Scaloni y De la Fuente: del aula al duelo por la Copa del Mundo

Imagen: Elcomercio.pe
Antes de enfrentarse en la final del Mundial 2026, Luis de la Fuente y Lionel Scaloni compartieron aulas, debates tácticos y una amistad nacida en la formación de entrenadores. La final también enfrentará dos trayectorias que empezaron lejos de los grandes focos.
La final del Mundial 2026 tendrá un duelo que va mucho más allá de las selecciones: enfrentará a Luis de la Fuente y Lionel Scaloni, dos entrenadores que no solo se conocen, sino que se formaron juntos en un espacio de aprendizaje que terminó marcando sus carreras. Según informó Elcomercio.pe, ambos compartieron aulas, conversaciones extensas sobre fútbol y una relación construida en la etapa en que todavía eran, ante todo, técnicos en proceso de maduración. Lo que hoy aparece como una final de alto voltaje también es, en el fondo, el cierre de una historia personal entre maestro y alumno que terminó convertida en rivalidad de primer nivel.
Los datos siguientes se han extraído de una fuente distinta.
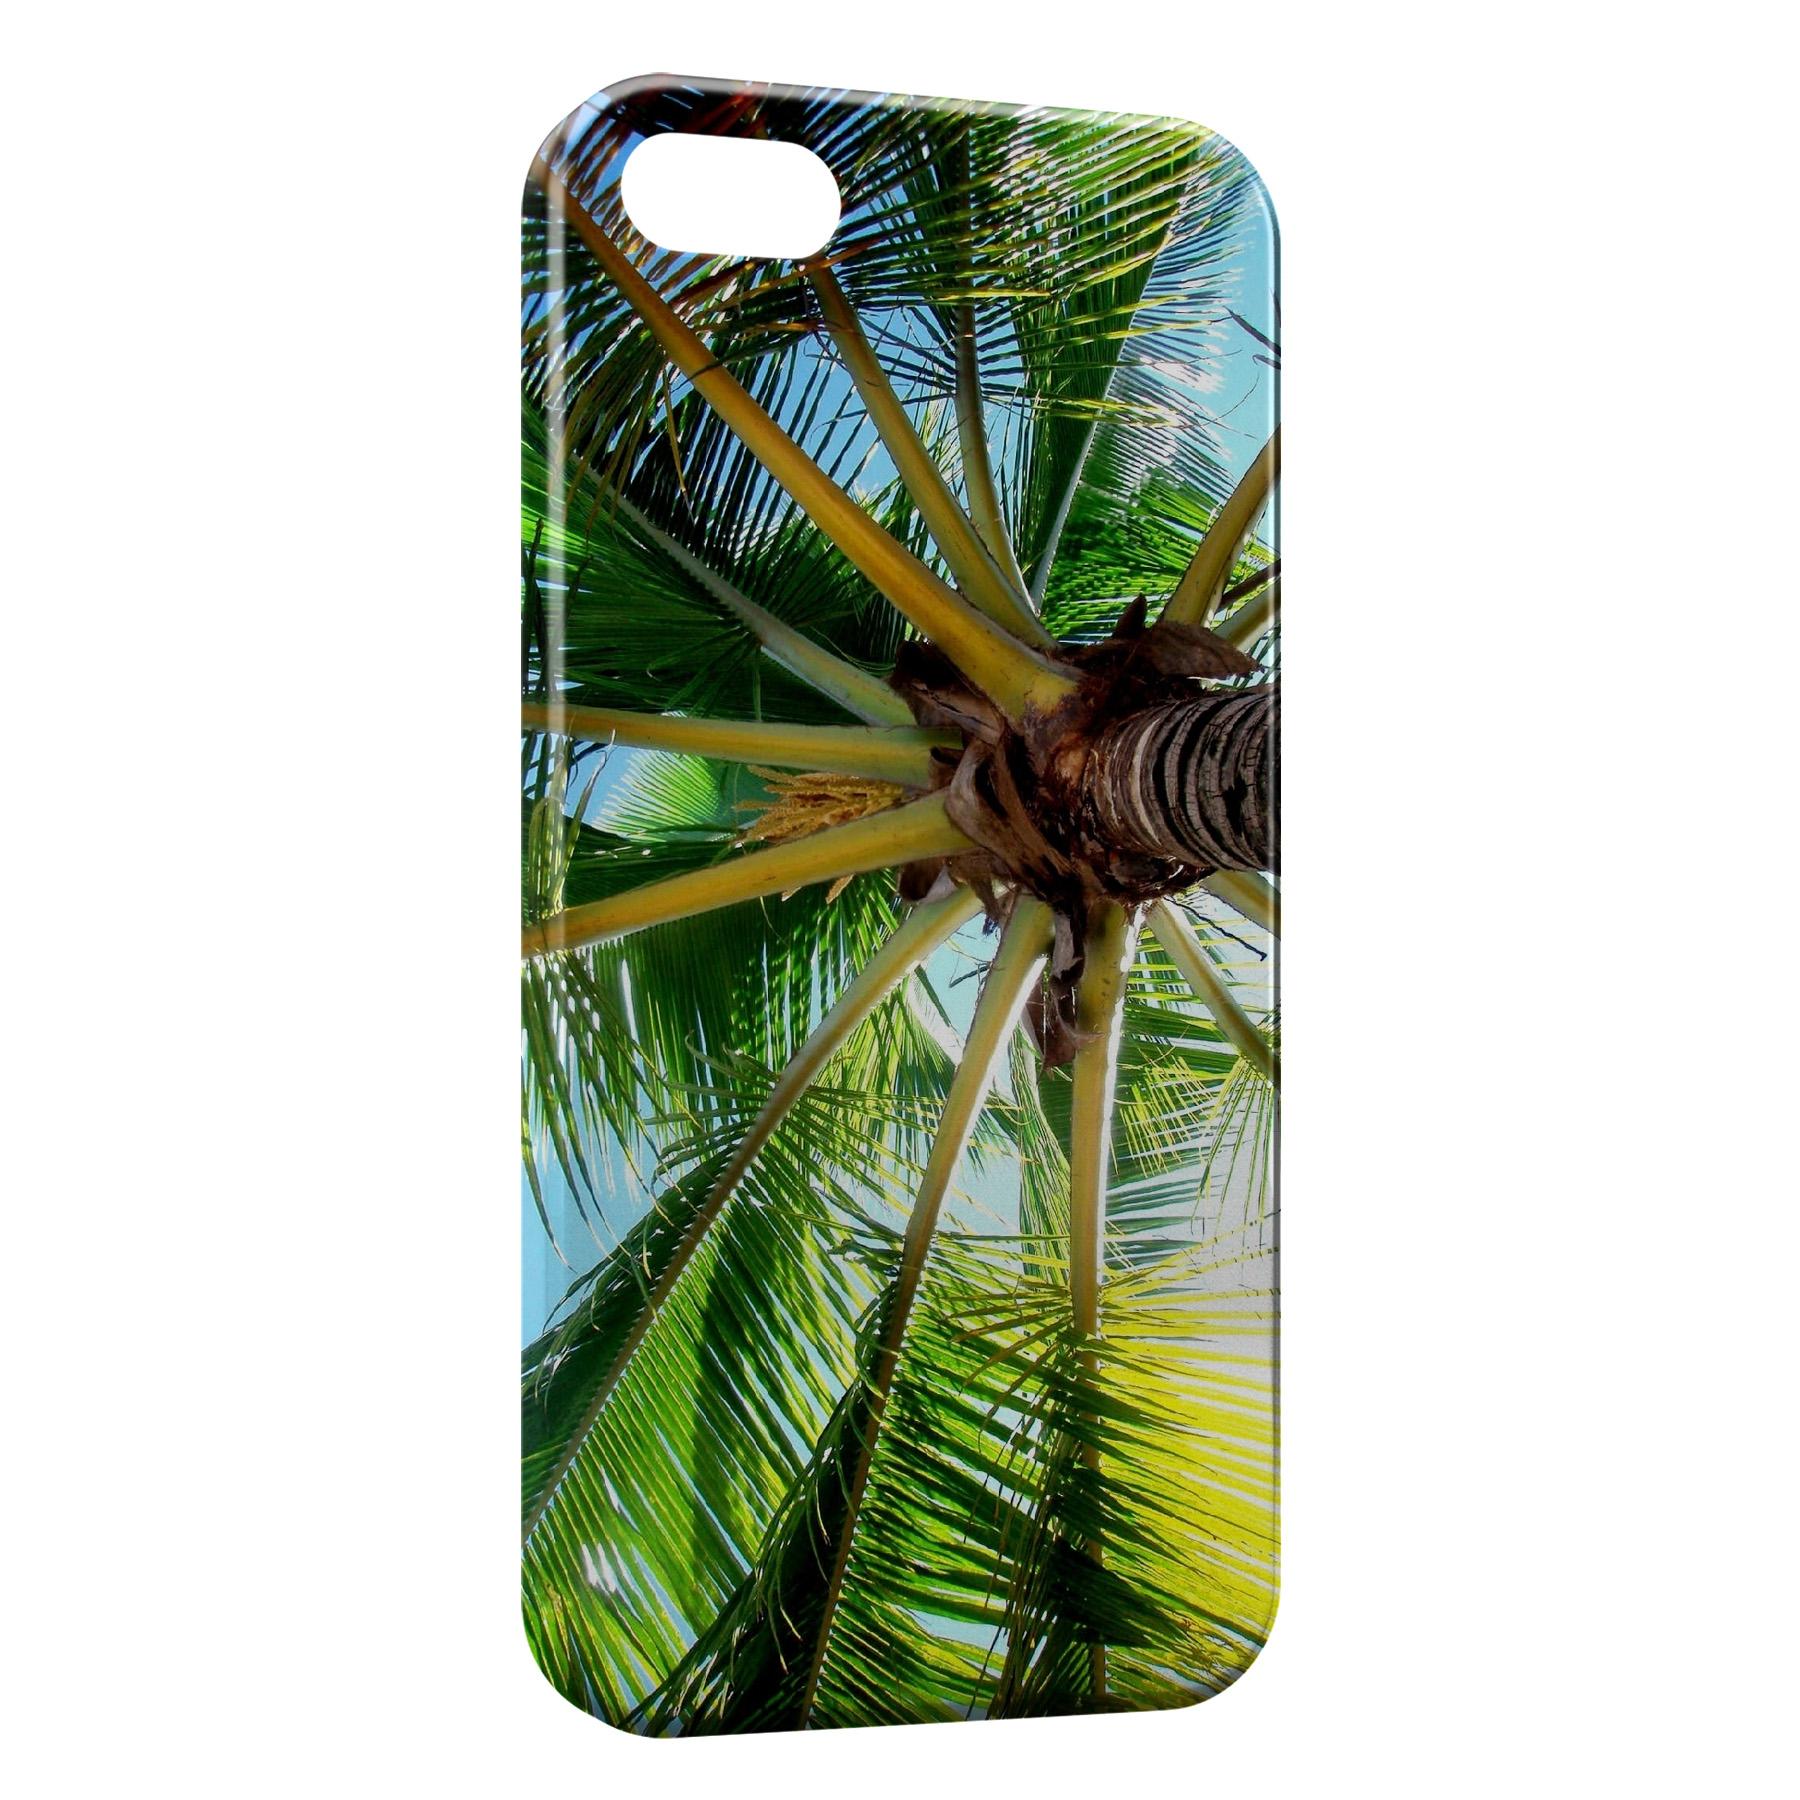 coque iphone 6 s palmier

De la Fuente, hoy al mando de España, y Scaloni, seleccionador de Argentina, llegaron a esta instancia por caminos distintos, pero con un punto de partida común: la formación. Esa coincidencia no es menor. En el fútbol de selecciones, donde suelen pesar más los resultados que las biografías, conocer el origen compartido de ambos técnicos ayuda a entender por qué esta final tiene una carga simbólica especial. Elcomercio.pe destaca que entre los dos hubo una amistad forjada en el estudio del juego, en el intercambio de ideas y en una relación que trascendió el aula. No se trata, por tanto, de un cruce improvisado, sino del choque entre dos visiones que se nutrieron mutuamente antes de tomar rumbo propio.
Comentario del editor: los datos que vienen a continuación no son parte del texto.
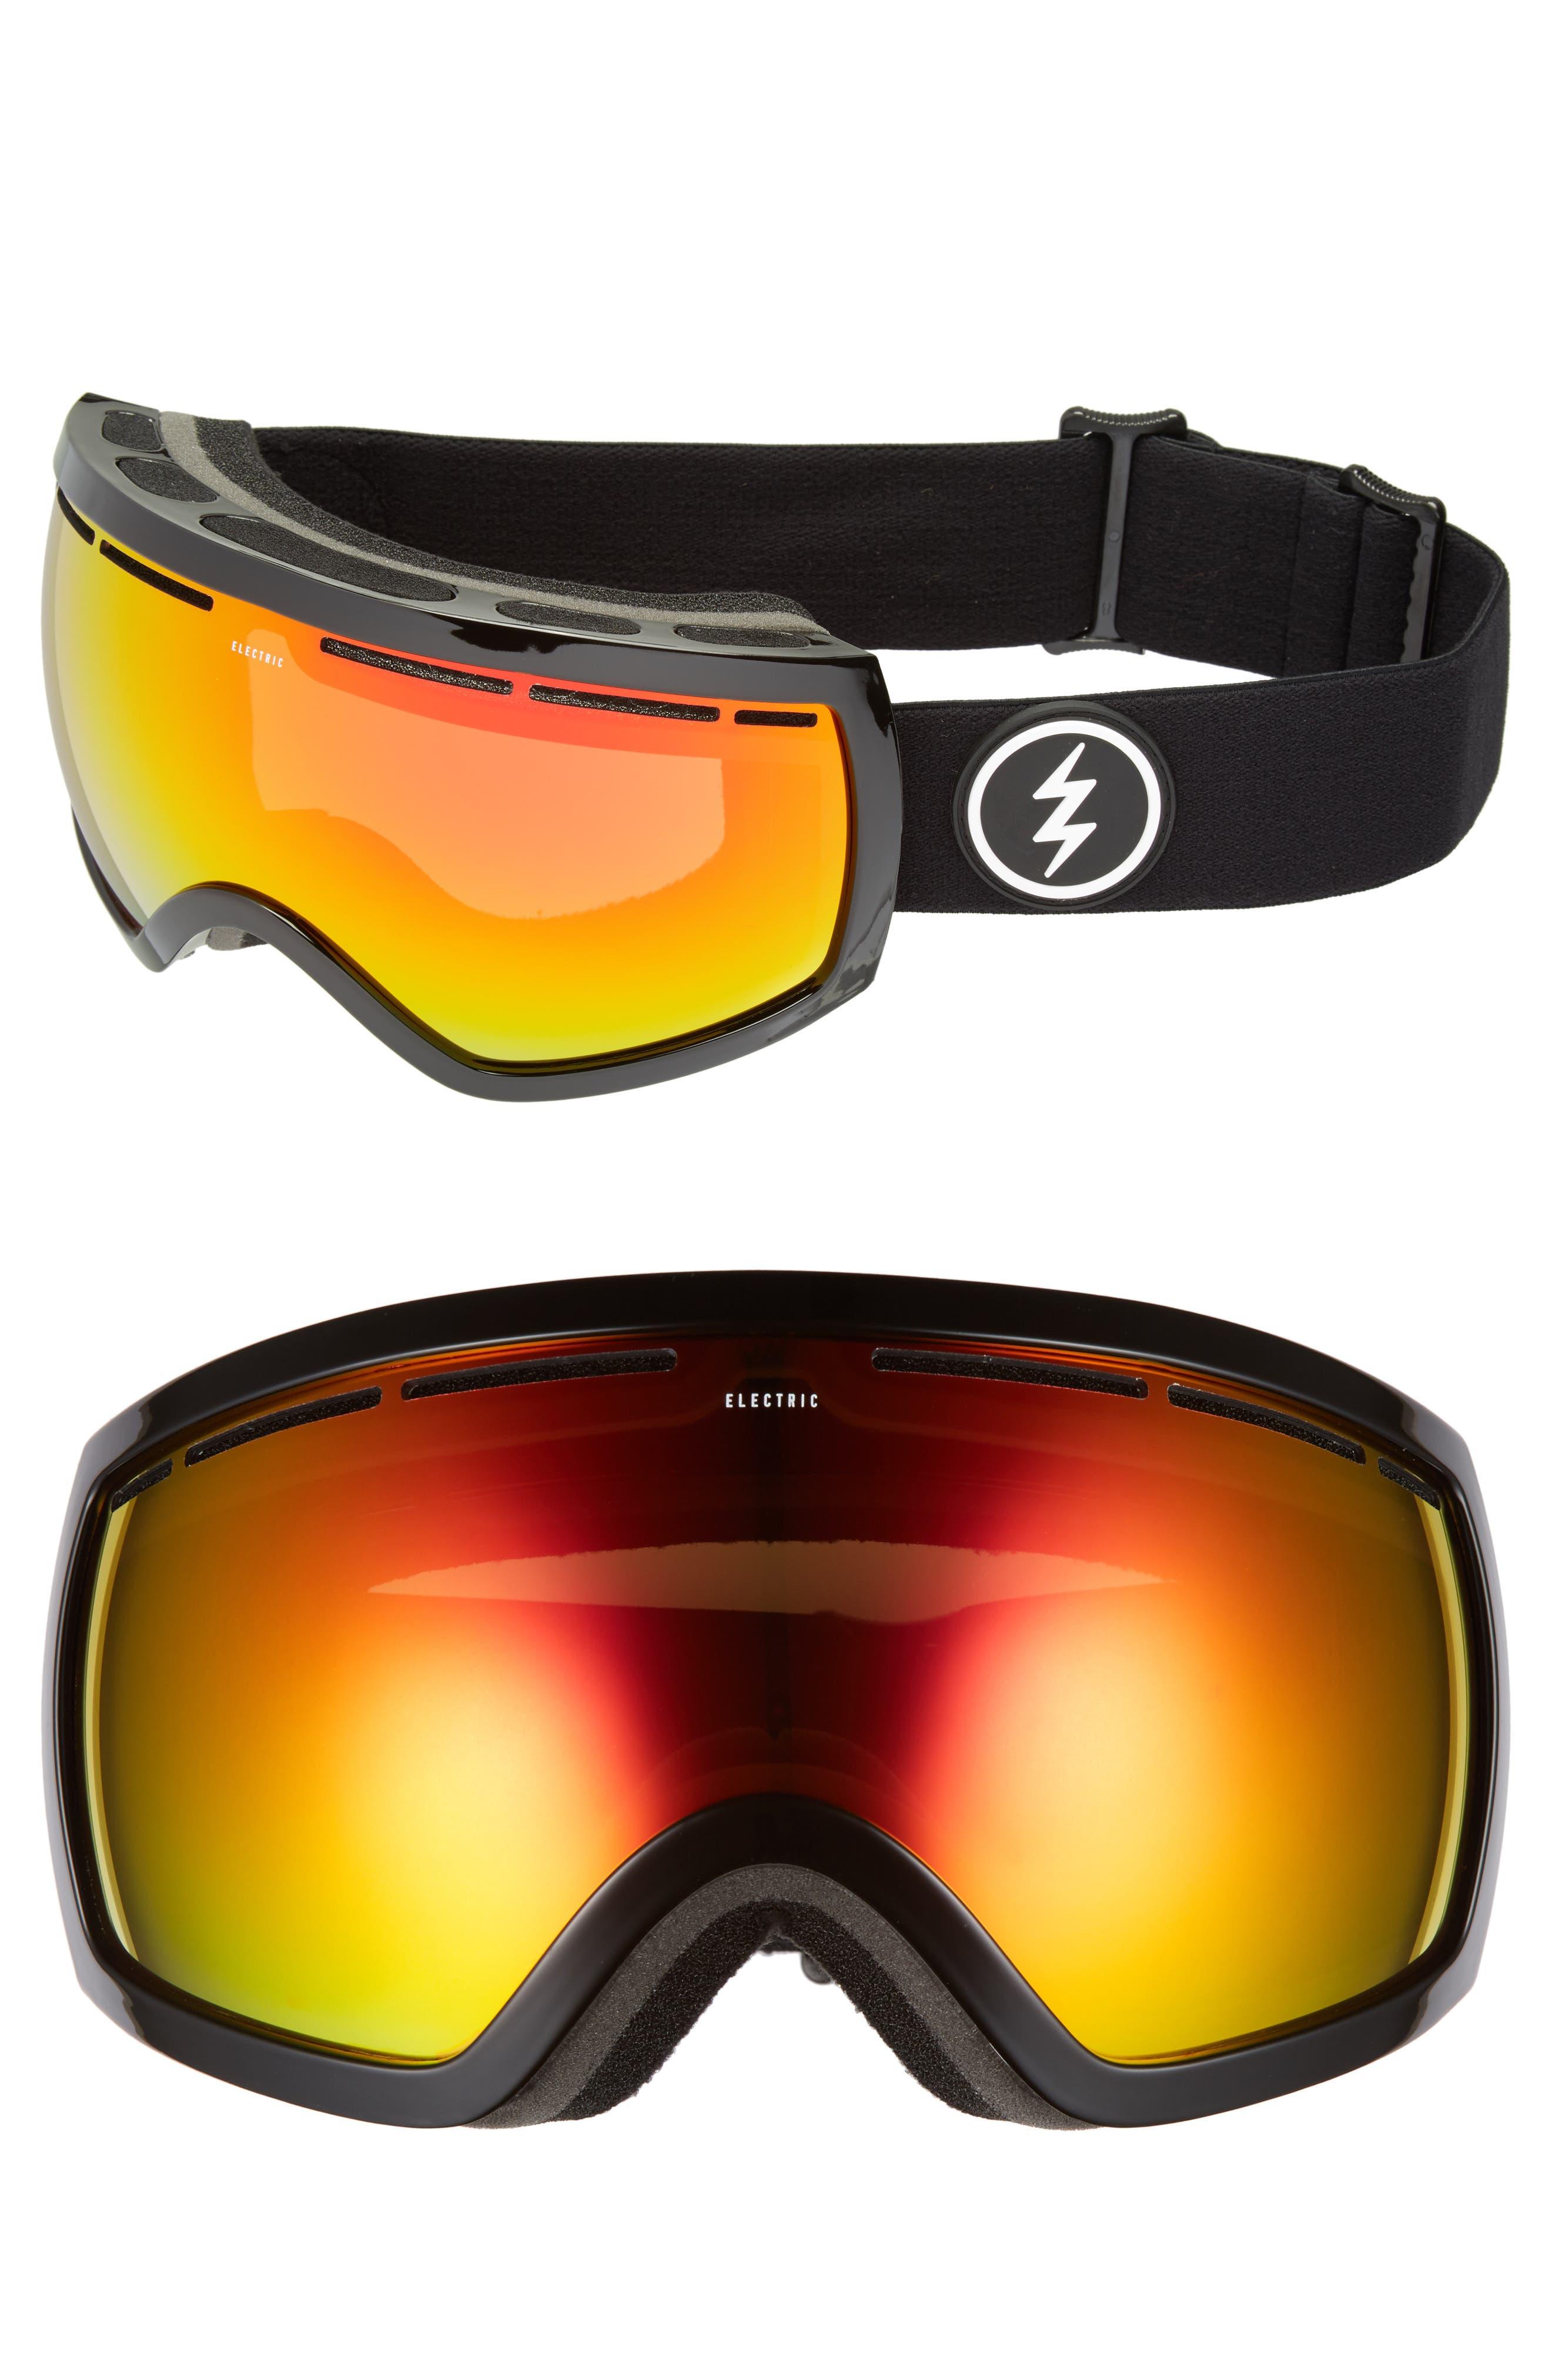 EG2.5 Snow Goggles,                         Main,                         color,

Ese trasfondo importa porque revela algo que muchas veces queda oculto detrás del espectáculo: las grandes decisiones futbolísticas no nacen de la nada, sino de procesos largos de aprendizaje, observación y construcción de criterio. Scaloni, que pasó de ser un exfutbolista sin la etiqueta de técnico consagrado a convertirse en campeón y referente del banquillo argentino, representa una trayectoria de consolidación acelerada. De la Fuente, por su parte, encarna el recorrido de quien conoció el trabajo de base y fue ascendiendo hasta hacerse cargo de una selección de enorme exigencia. En un torneo como el Mundial, donde cada detalle pesa, la final también funcionará como un examen sobre el valor de la formación técnica y sobre la manera en que el fútbol produce sus propios líderes.
Más allá del resultado, esta historia deja una lectura más amplia: el fútbol internacional está lleno de figuras que se cruzan, se observan y se influyen mucho antes de competir en la élite. Por eso la final de 2026 no será solo un partido por la copa; será también el capítulo final, al menos por ahora, de una relación profesional y humana que empezó en un aula y terminó en la cima del deporte más seguido del planeta. Para los aficionados, eso añade una capa de tensión y de interés. Para el juego, confirma que las grandes rivalidades también pueden nacer de la amistad y del respeto mutuo.